In Stan, variables must be defined before they are used. And we index from 1.

The simplest way to debug is to include print() statements for quantities you’re using to track down when something becomes NaN. First figure out which block is going wrong, then add more print statements to figure out which variable is going wrong.

But looking at your code, it looks like you allow values of i = 1 and then compute origin_new[i - 1], which won’t exist. That should just throw an exception, not return a NaN. But maybe that magic number 11 is stopping that? It’s hard to reason about programs with constants like 11 in the middle of them. What’s the significance of 11? Can you define it as a constant with a name in the transformed data block? Usually these loops need to do something special for i = 1 before going on to the general case.

@Bob_Carpenter

Thank you for getting back to me.

The cy_new[i] == 11 is to make sure the current mu accounts for correlation from prior mu. I think I made a mistake having origin_new inside the pred_paid2 and mu_new2, once I removed them, and sorted the data by origin from low to high for each development lag the generated quantities did not show the NAN error anymore.

I did get some warnings after running the MCMC however, and I am unsure how to solve them for now, since I am already using weakly informative priors (normal for mu and half normal for sigma), and my adapt_delta is at 0.999, my step_size is at 0.01. Are there things I can still adjust to remove the warnings?

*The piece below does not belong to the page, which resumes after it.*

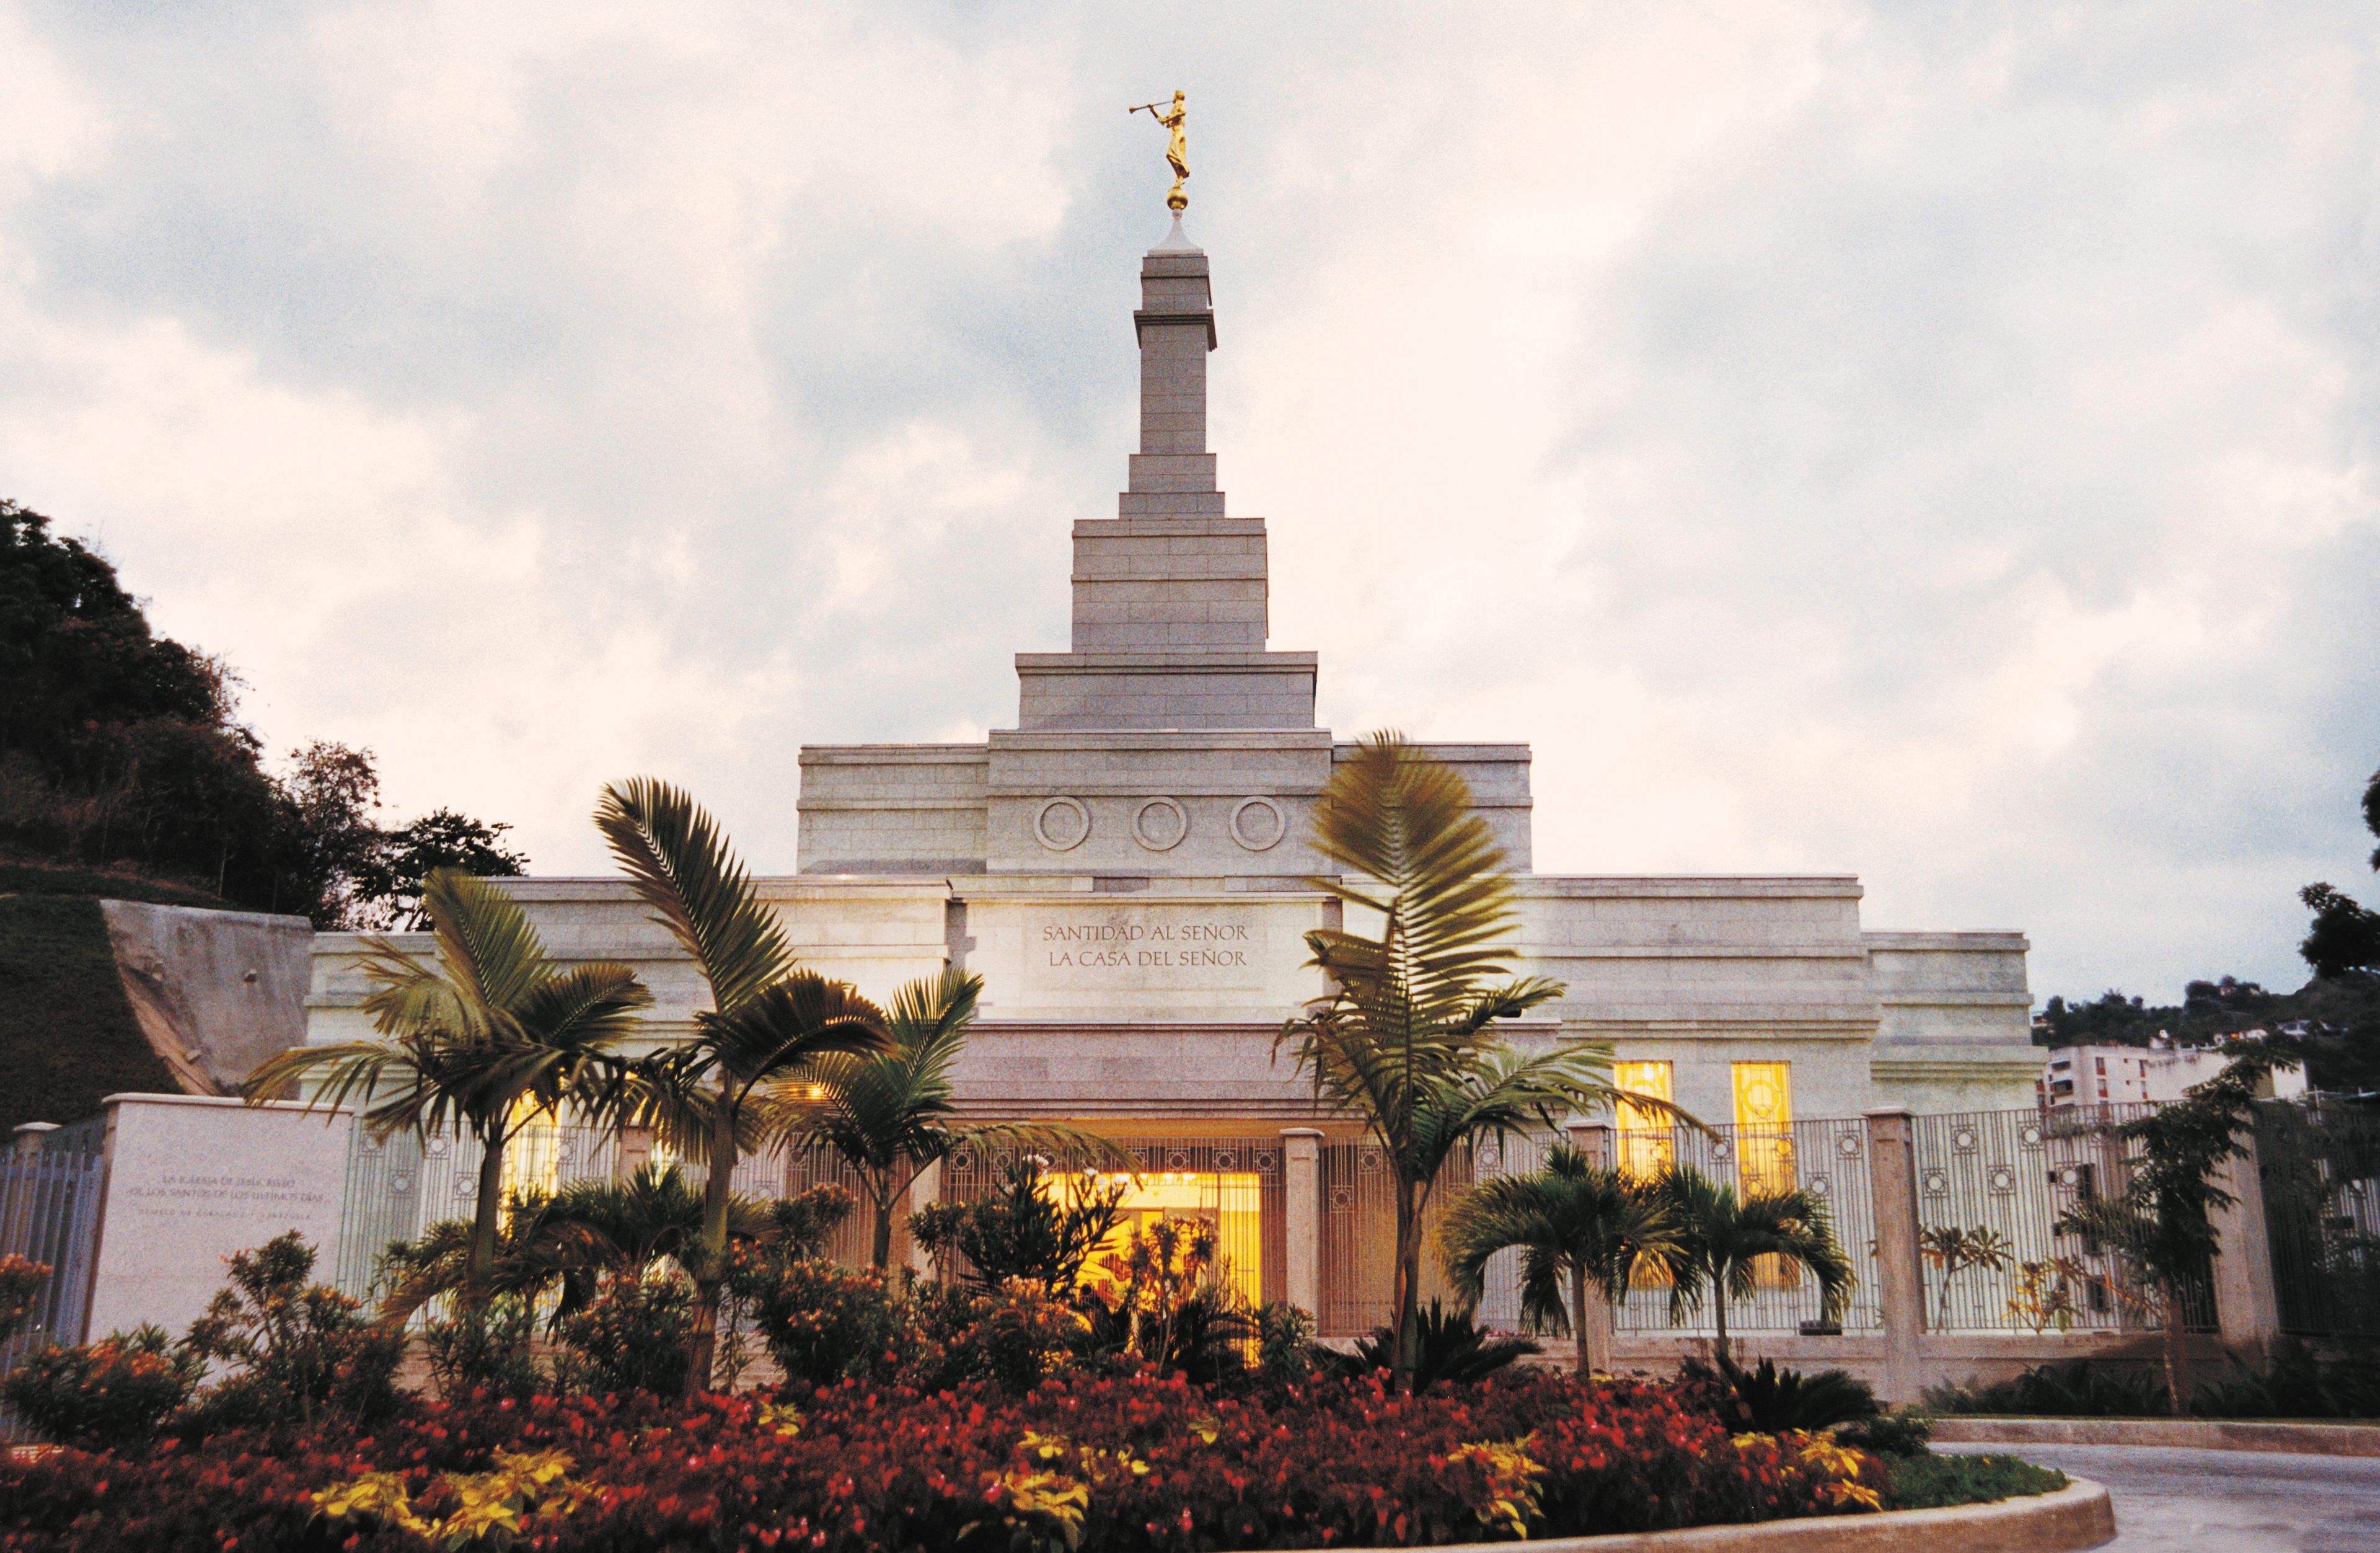 A front view of the Caracas Venezuela Temple on a cloudy day.

Warning: 3 of 4000 (0.0%) transitions ended with a divergence.
This may indicate insufficient exploration of the posterior distribution.
Possible remedies include: 
  * Increasing adapt_delta closer to 1 (default is 0.8) 
  * Reparameterizing the model (e.g. using a non-centered parameterization)
  * Using informative or weakly informative prior distributions 

927 of 4000 (23.0%) transitions hit the maximum treedepth limit of 10 or 2^10-1 leapfrog steps.
Trajectories that are prematurely terminated due to this limit will result in slow exploration.
Increasing the max_treedepth limit can avoid this at the expense of more computation.
If increasing max_treedepth does not remove warnings, try to reparameterize the model.